• [DATASET EXTRACT]:
((

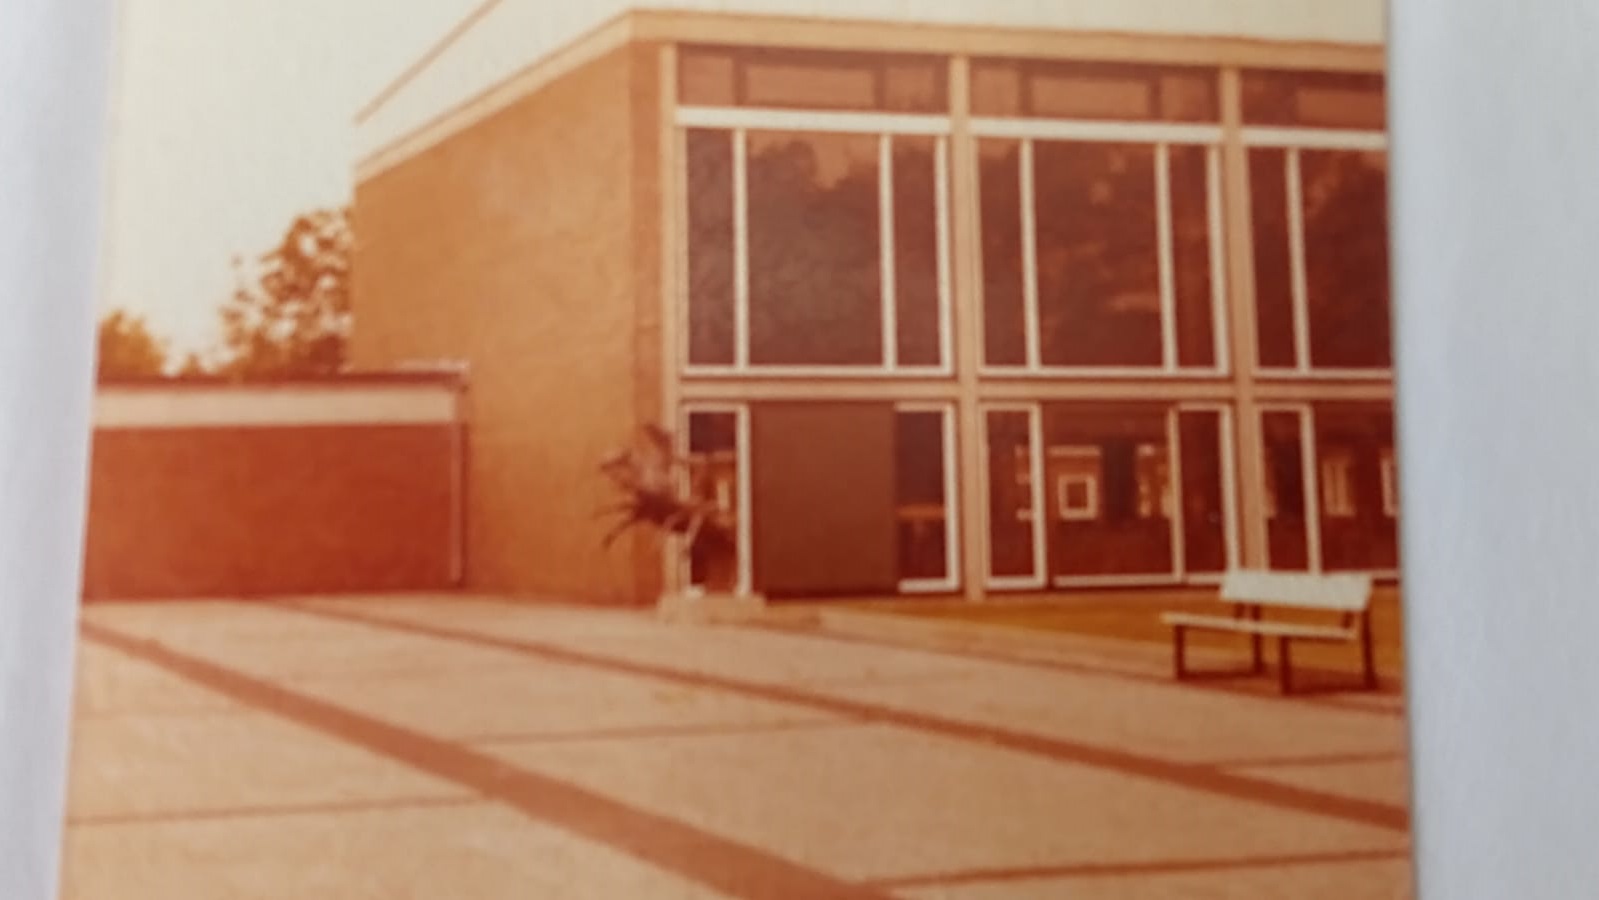 Schulgebäude damals
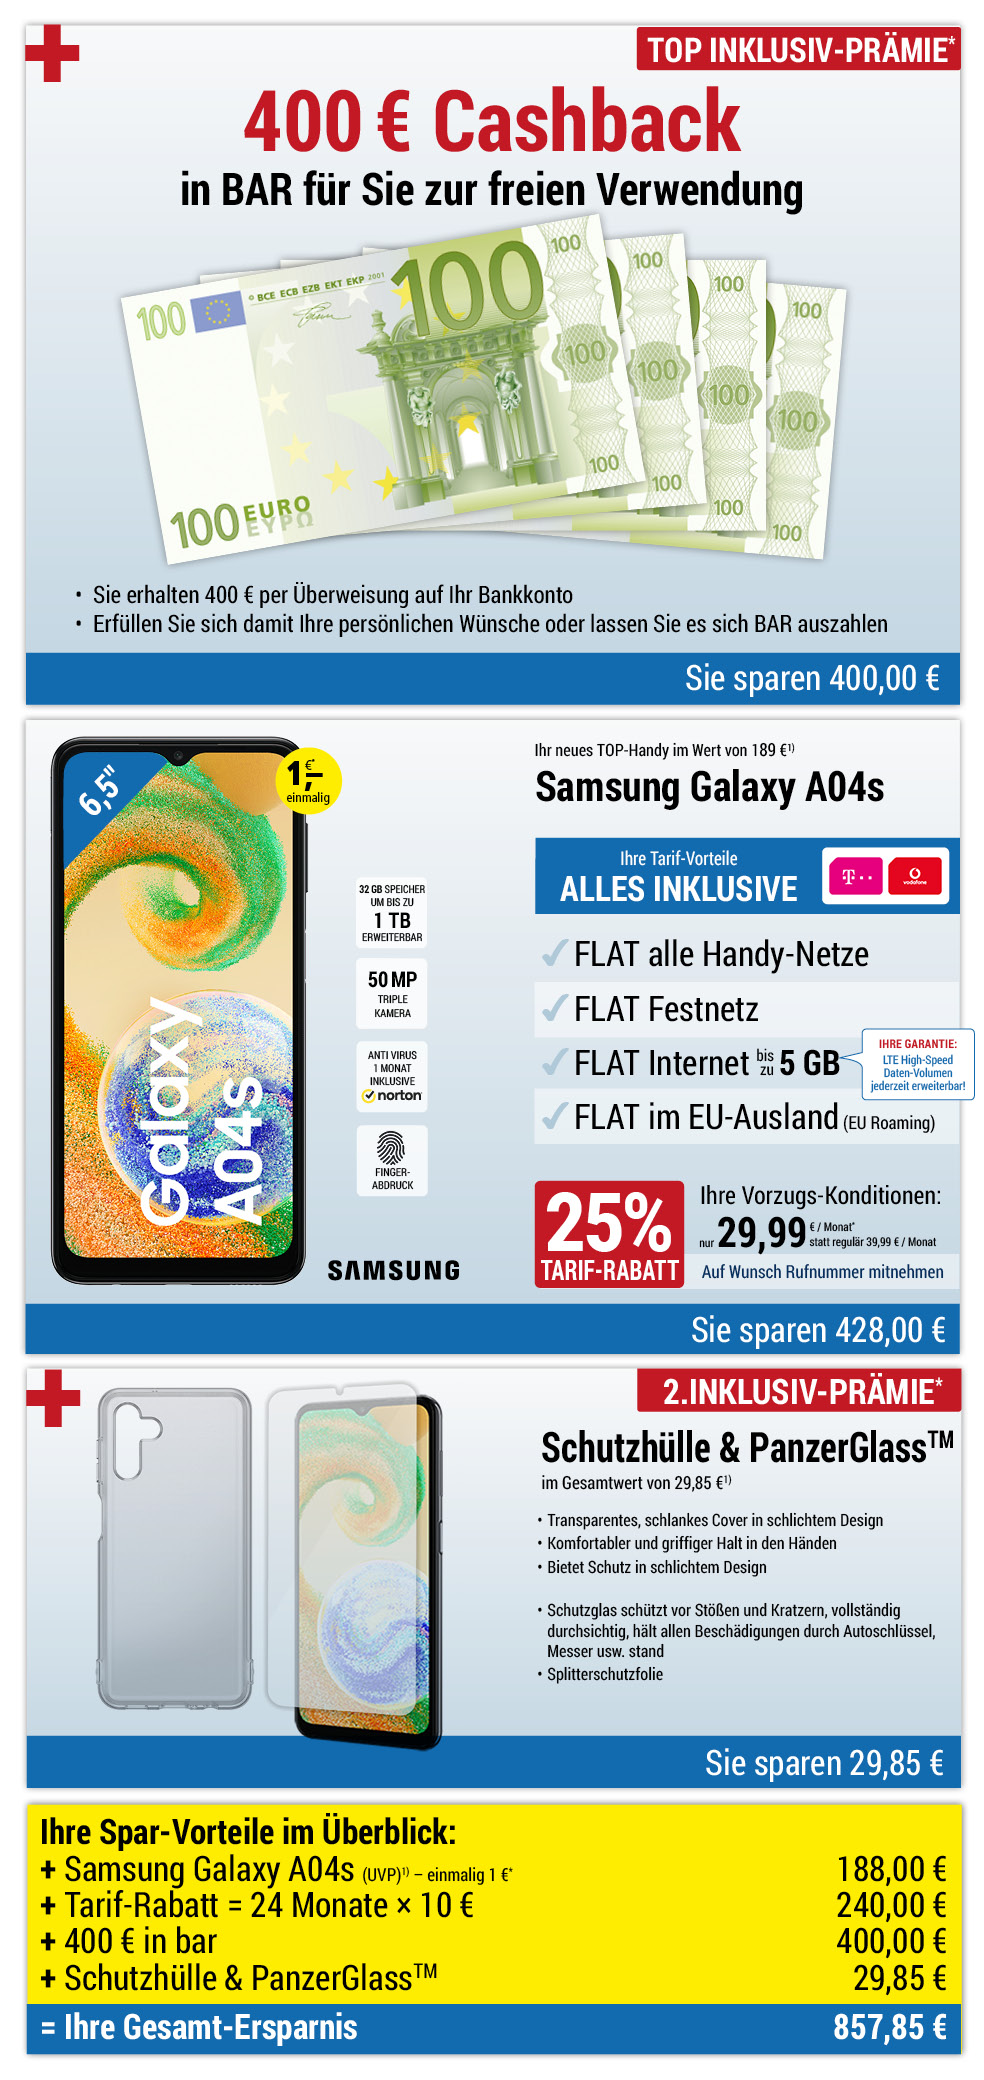 Für nur 1 €*: Samsung Galaxy A04s + Zubehör + 400 € bar INKLUSIVE + Handyverträge mit ALL NET FLAT für 29,99 €/Monat
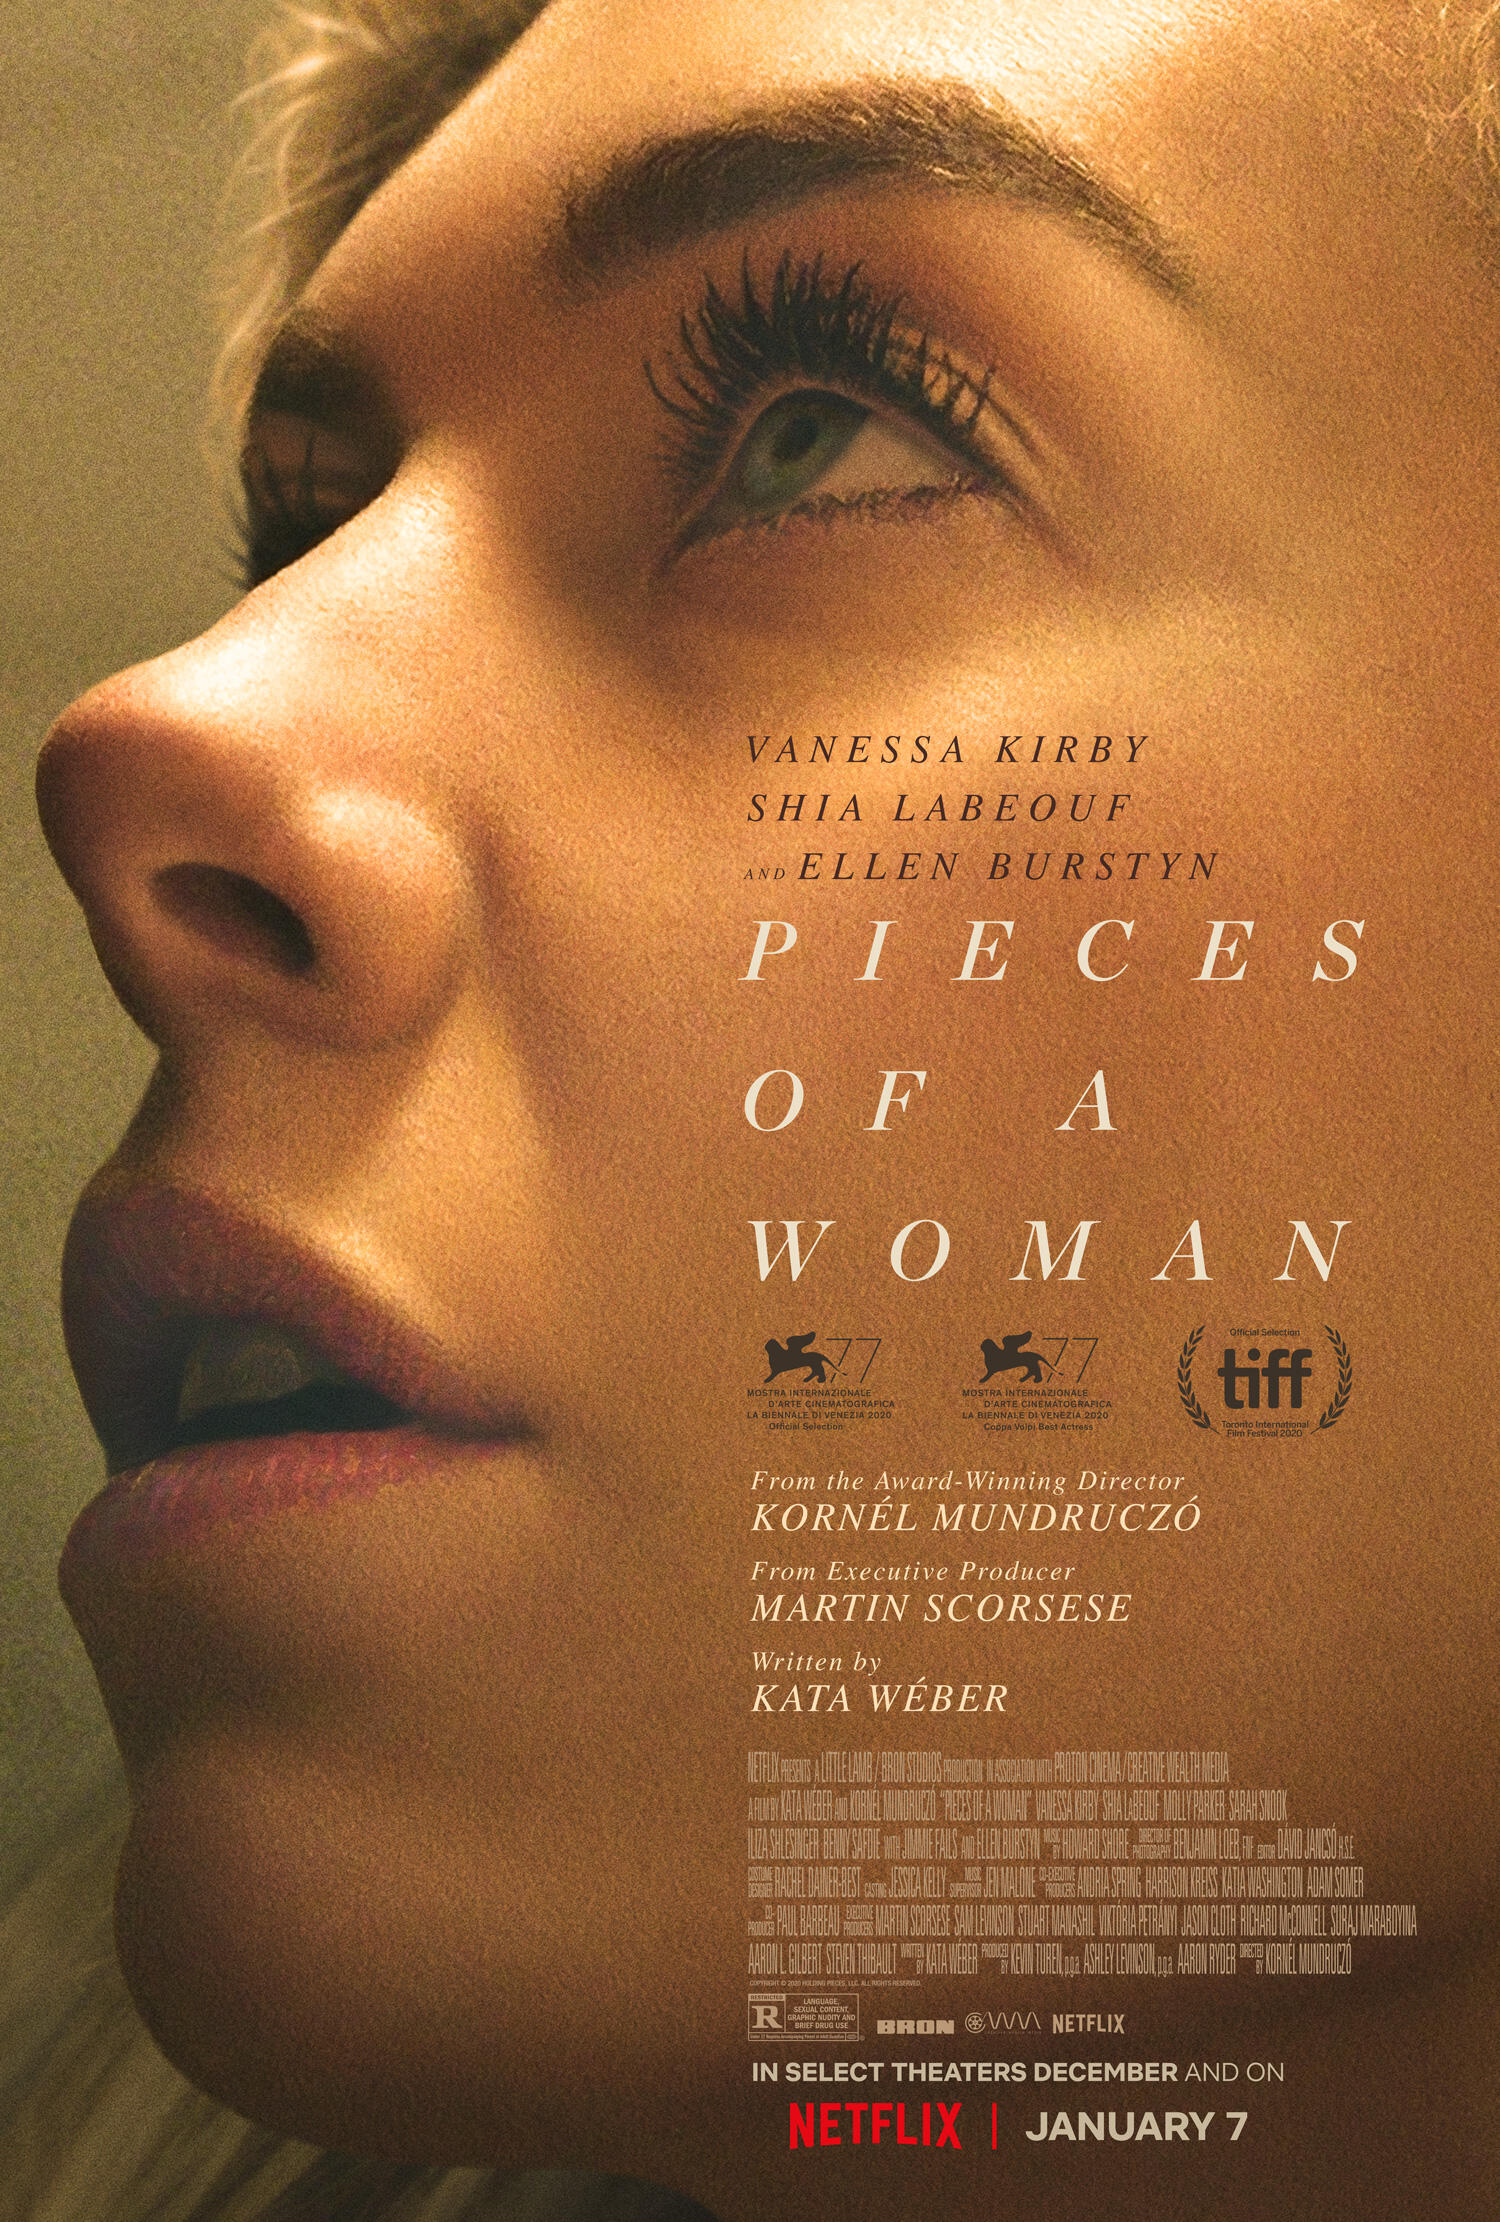 Pieces of a Woman: Um retrato raro de um sofrimento comum

))

• [DIRECTIONS FOR THIS TASK]:
The expected output is every line of the data, unchanged, with the pictures skipped.

• [SOLUTION TO THIS EXERCISE]:
 Schulgebäude damals
 Für nur 1 €*: Samsung Galaxy A04s + Zubehör + 400 € bar INKLUSIVE + Handyverträge mit ALL NET FLAT für 29,99 €/Monat
 Pieces of a Woman: Um retrato raro de um sofrimento comum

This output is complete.